Despite the lack of legal regulation of pesticide treatments with UAVs in the Russian Federation, the data obtained confirm the economic and agronomic feasibility of their use, especially in the context of climate change and the growth of extreme weather events. The research results laid the foundation for further scaling of the technology and the development of adaptive systems with variable contribution rates integrated with big data analysis and machine learning platforms.
The results obtained: conceptual models, algorithms, hardware prototypes and experimental data form a reliable basis for the further development of adaptive, cognitive and self-organizing control systems for groups of UAVs capable of operating in real conditions of agricultural production.
Further research on this topic will be aimed at developing algorithms and software tools for seamless interaction within a group of UAVs in communication, movement and performance of target tasks (introduction of liquid substances and collection of plant data), prototyping intuitive human-machine interfaces based on scenarios for agricultural tasks and calculated parameters for the introduction of substances., as well as for the development of a prototype and testing of a group of agricultural UAVs with specialized ground-based equipment for autonomous agricultural tasks.aircraft in the absence of global navigation signals and interference.

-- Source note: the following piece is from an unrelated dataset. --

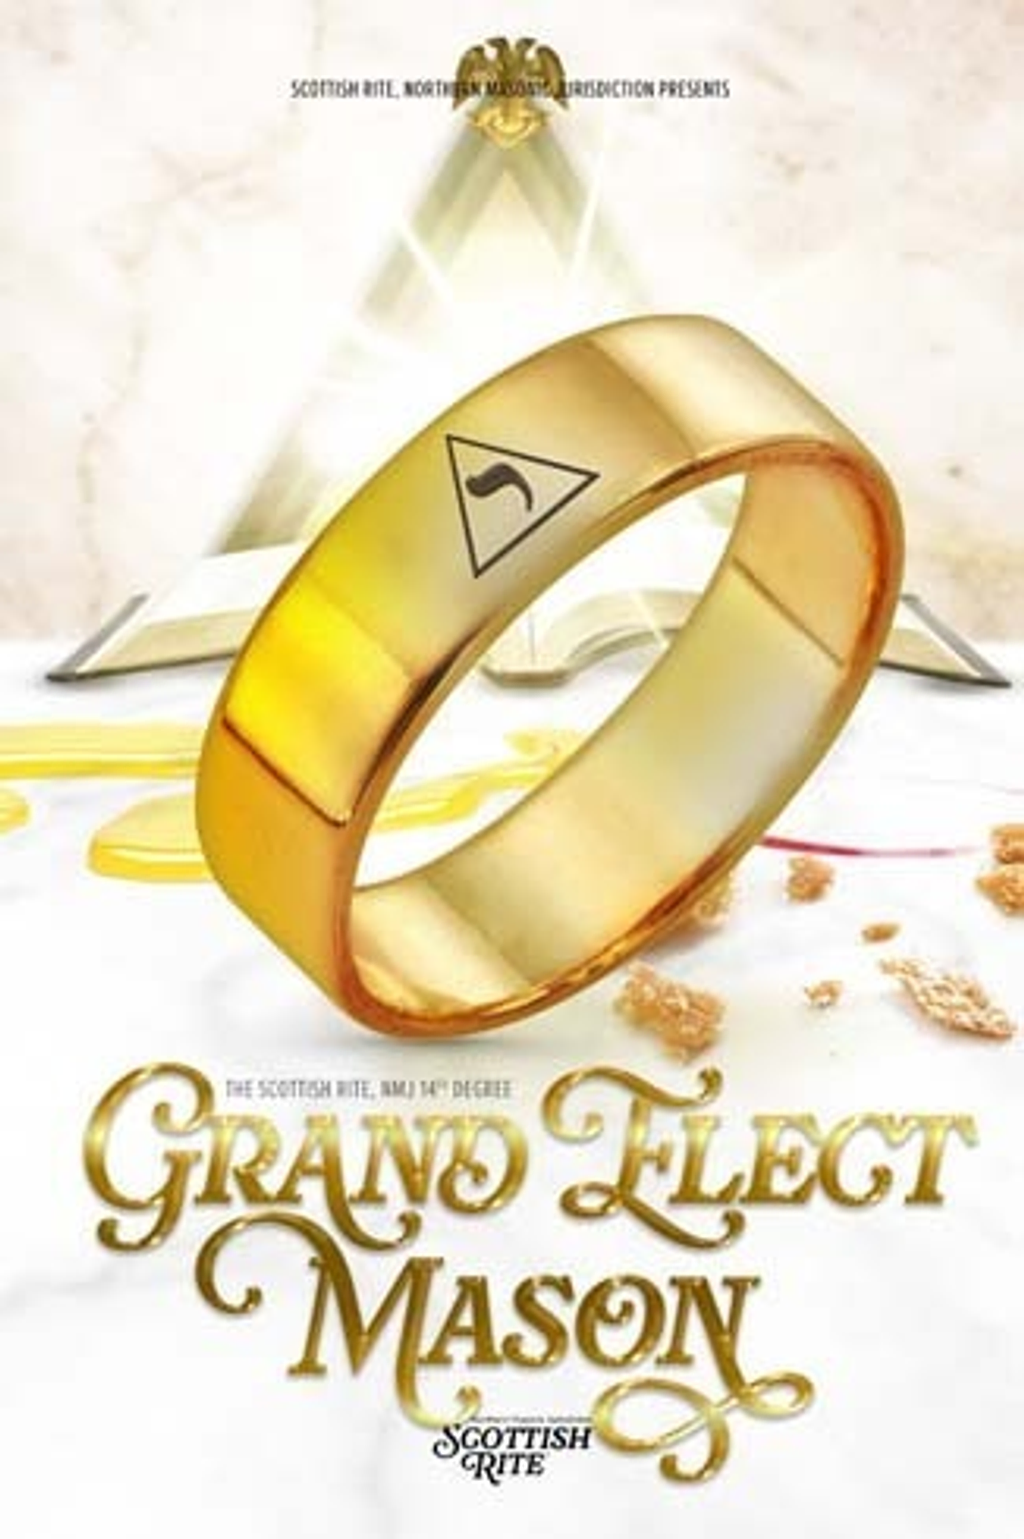 Scottish Rite, NMJ 14th Degree: Grand Elect Mason poster
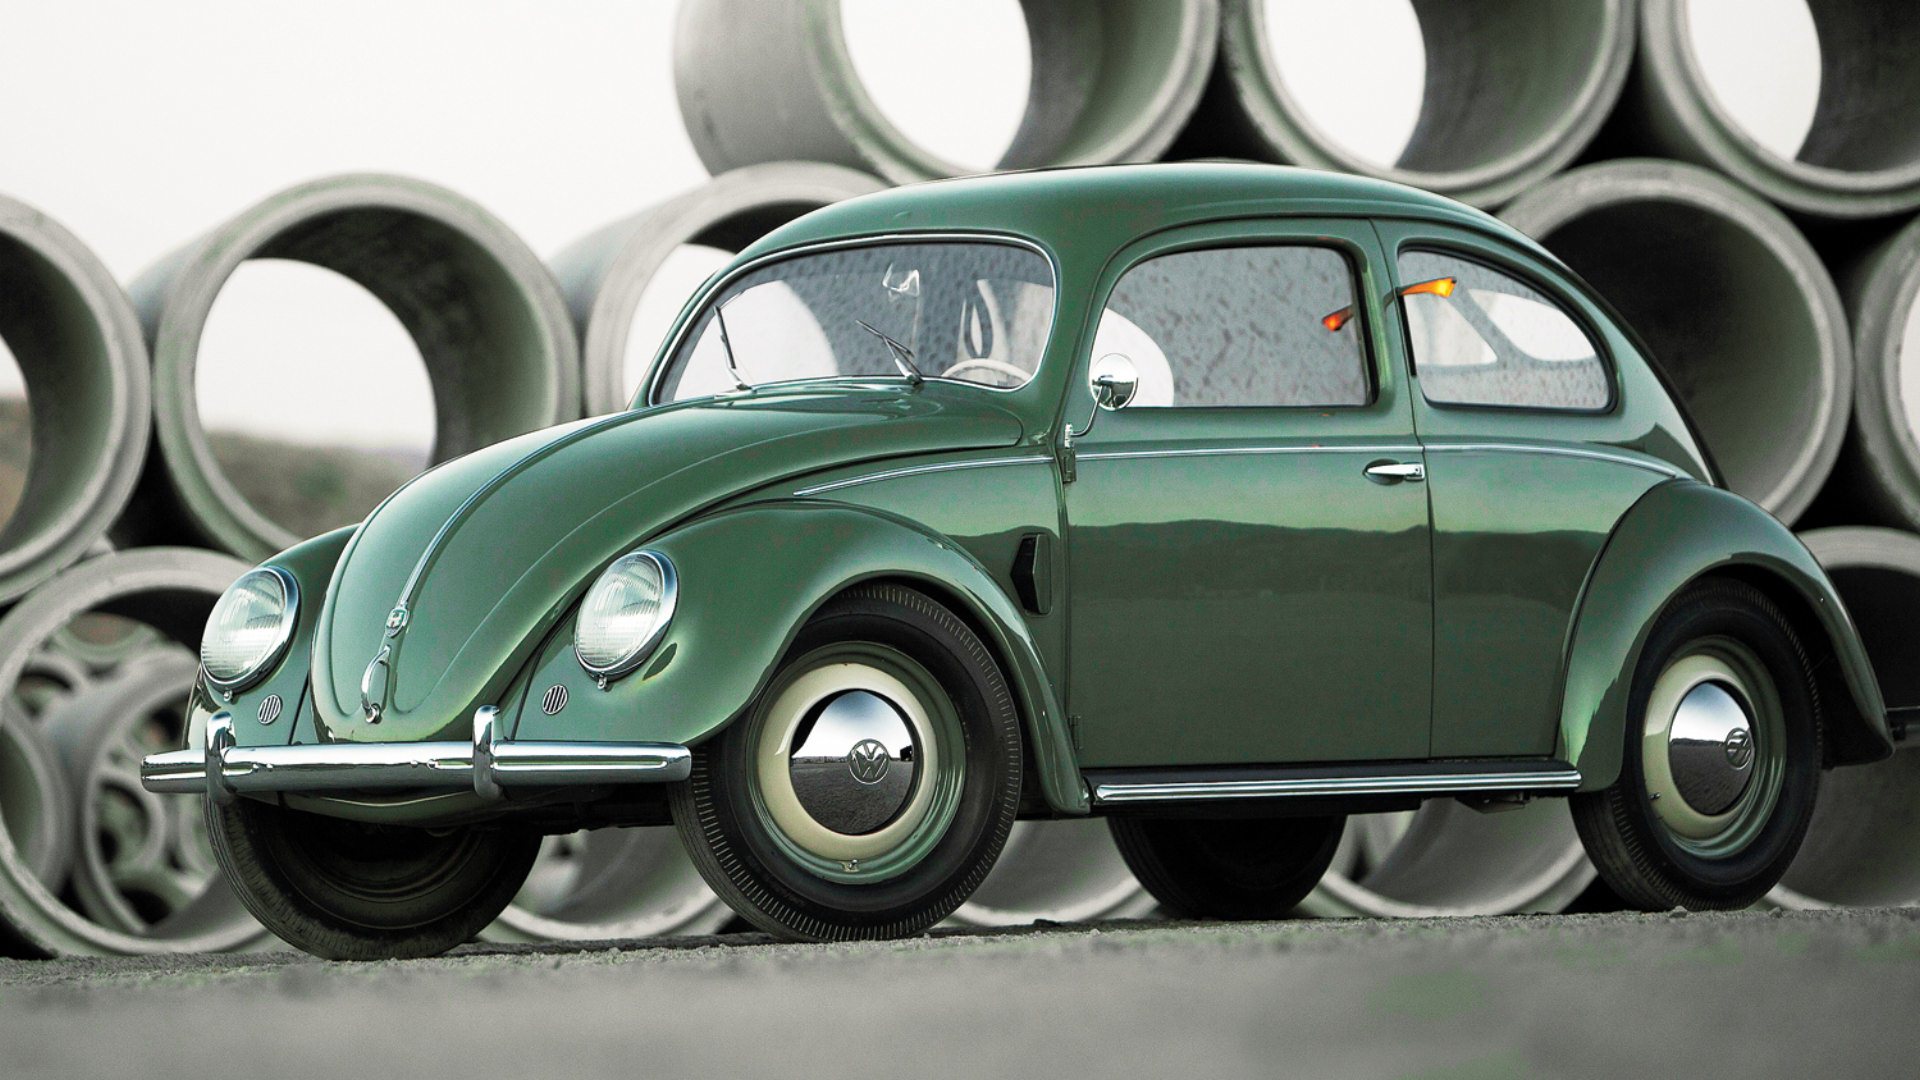 Description Volkswagen Beetle classic is a hi res Wallpaper for pc

The results obtained. In 2025, conceptual and structural-functional models were developed describing the functioning of a group of agricultural UAVs and an operator in open spaces of agricultural land. A description of scenarios for the implementation of targeted agricultural tasks by the operator using a group of UAVs has been created. The design and creation of prototypes of four prototypes of agricultural UAVs with specialized attachments for the introduction of liquid substances, aeromonitoring and the implementation of an intuitive human-machine interface between the operator and the UAV group was carried out.
The planned quantitative indicators of the scope of the work have been completed, including the publication of more than 12 articles in Russian and international journals indexed by Web of Science, Scopus, RSCI, RSCI.
The scope of application. UAVs in the field of agriculture, ecology, logistics.
The importance of the work. Improving the accuracy, productivity and environmental safety of agricultural work, as well as reducing the cognitive burden on the operator and accelerating the implementation of swarm robotics solutions in the agricultural sector.
Further scientific research on the topic will be continued within the framework of the Program of Fundamental Scientific Research in the Russian Federation for the long-term period (2021-2030).